Gao Fu, the CDC head, told a forum on Saturday that the agency was “considering how to solve the problem that the efficacy of existing vaccines is not high”, according to local media.
...
Some of the WeChat social-media posts on Gao’s remarks were swiftly censored, according to Yanzhong Huang, a senior fellow for global health at the Council on Foreign Relations.
“It is the first time . . . a government official publicly admitted that the protection rate is a concern in the vaccination drive,” Huang added.
China had administered 65m doses across the country by the middle of March.
Unlike other vaccine producers, China’s manufacturers have not published their phase 3 trial data, leading to accusations of a lack of transparency over the vaccine’s effectiveness on different groups.
Any new strategy will have ramifications for the more than 20 countries that China said it was supplying in mostly bilateral “vaccine diplomacy” deals.

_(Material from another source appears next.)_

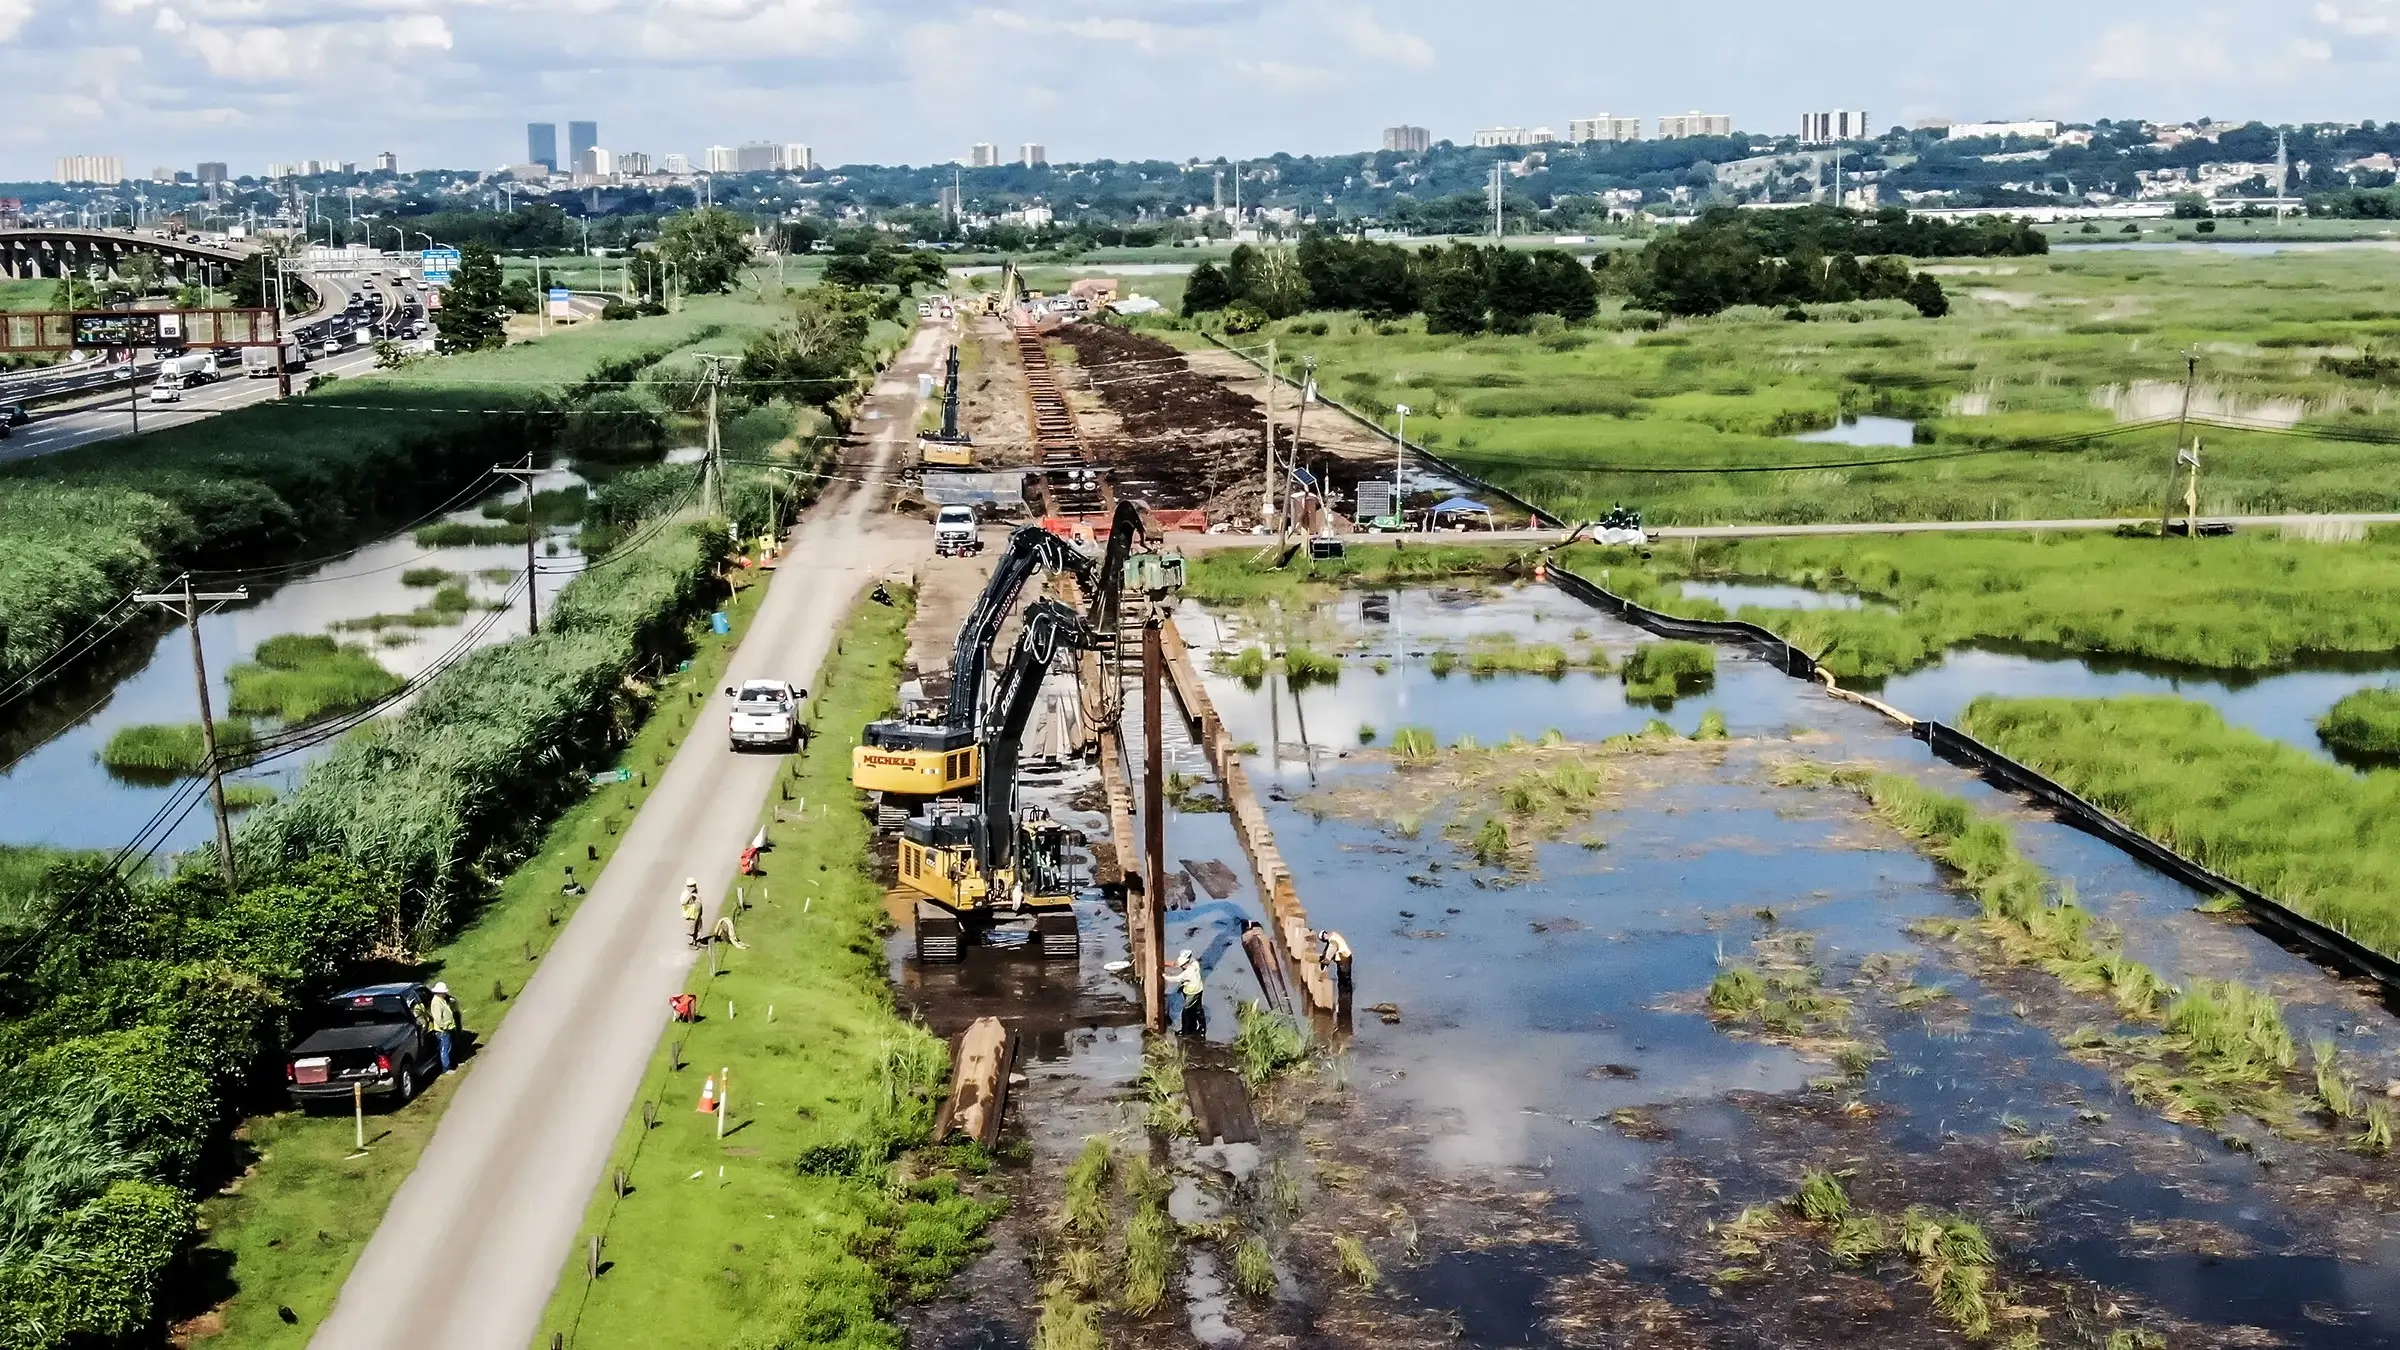 Large excavators work near a road and marsh

As of March, China had supplied 40m doses abroad.
Chile is facing another Covid wave from new variants, despite a successful rollout of China’s Sinovac vaccine. [B]The efficacy of a single dose was only 3 per cent, compared with 56 per cent with two shots. [/B]Experts have not linked the latest wave to the vaccine’s efficacy rate.
[/QUOTE]
If reported numbers from China are correct, it's not so much of a problem there that the vaccine has low efficacy, as their tough lockdowns drove back the virus quite well. But it's tragic for countries like Brazil, Chile, and Senegal who relied on China's vaccine gifts. The rest of the world needs to step up - maybe a single jab of mRNA is enough for people who got the low yield Chinese vaccine?
And what if people take bigger risks, go back to living their normal lives, while only 56% protected at best?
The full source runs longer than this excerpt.